Iowa anti-choice group files motion against rape exception

This week, an anti-choice group in Iowa filed a motion to intervene in a current lawsuit by Planned Parenthood against the state’s fetal heartbeat abortion ban. The ban, which is considered the most restrictive abortion law in the country, was signed into law earlier this year by Gov. Kim Reynolds, and has since been suspended while it is being challenged in court. Save the 1 filed a motion to remove exceptions for women impregnated by rape or incest from the law, in a display of blatant extremism that almost matches that of the law itself.

The best-case scenario in this lawsuit is that the law in question is struck down, but in any case, now seems as good a time as any to point out that, while an abortion law with exceptions for factors like rape and the pregnant woman’s health might be better than one without, the rape exception often functions more as PR to make terrible laws seem slightly less terrible, rather than actually help survivors. As we see in the many states that restrict coverage of abortion unless the pregnancy was from rape, the policy places the burden on rape survivors to either prove their traumatic experience or be denied care, and gives them essentially no say in whether or not they want to come forward.

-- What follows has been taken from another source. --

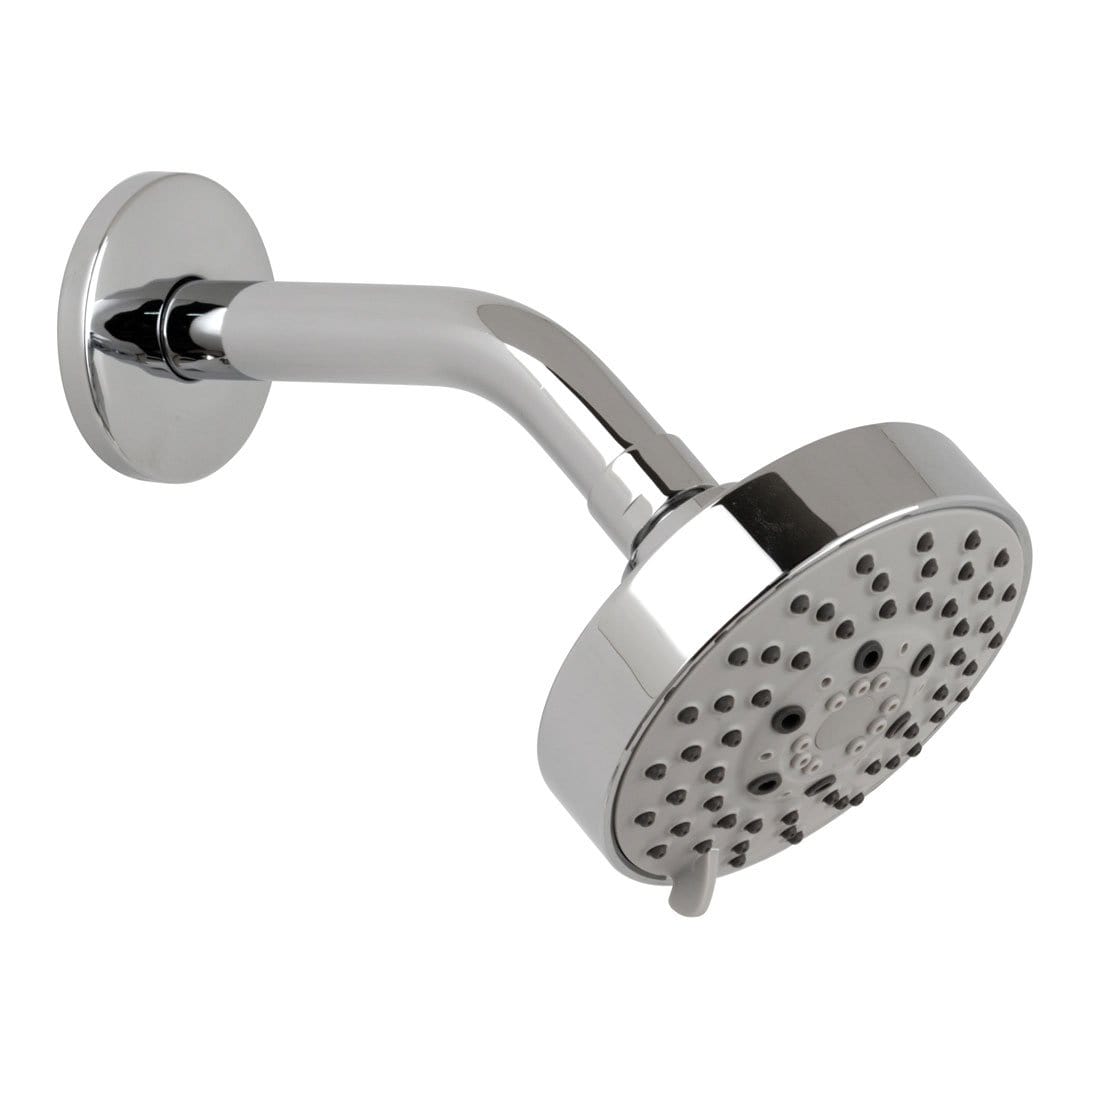 Vado 5 Function Fixed Shower Head With Arm - WG-MFKIT2-C/P | Supply Master | Accra, Ghana Building Material Building Steel Engineering Hardware tool

In other words, these laws are just awful, period.

Ohio’s battle against Planned Parenthood drags on

On Thursday, a full federal appeals court said it will rule on a law that prohibits Planned Parenthood from receiving public funding, which it uses to offer non-abortion health services. This is, of course, just the latest chapter in an ongoing legal battle between the state and the women’s health organization.

In 2016, shortly after the law was passed, a federal judge declared that it was unconstitutional. In April, a three-judge panel from the 6th Circuit agreed with this decision. But as of this Thursday, in light of this new decision, the law essentially remains in limbo as the Trump administration continues to consider stripping Planned Parenthood of Title X funding altogether, solely because the organization offers abortion services.

You’d think the one thing we could all agree on is that sexual health education and accessible birth control is an essential to preventing unplanned pregnancy—and with it, abortion and unsafe abortion in particular—but as this lawsuit shows, we’ve been explaining this for years. Anti-choice politicians’ continued attacks on Planned Parenthood funding show that maybe, just maybe, it’s all really been about controlling women’s bodies all along.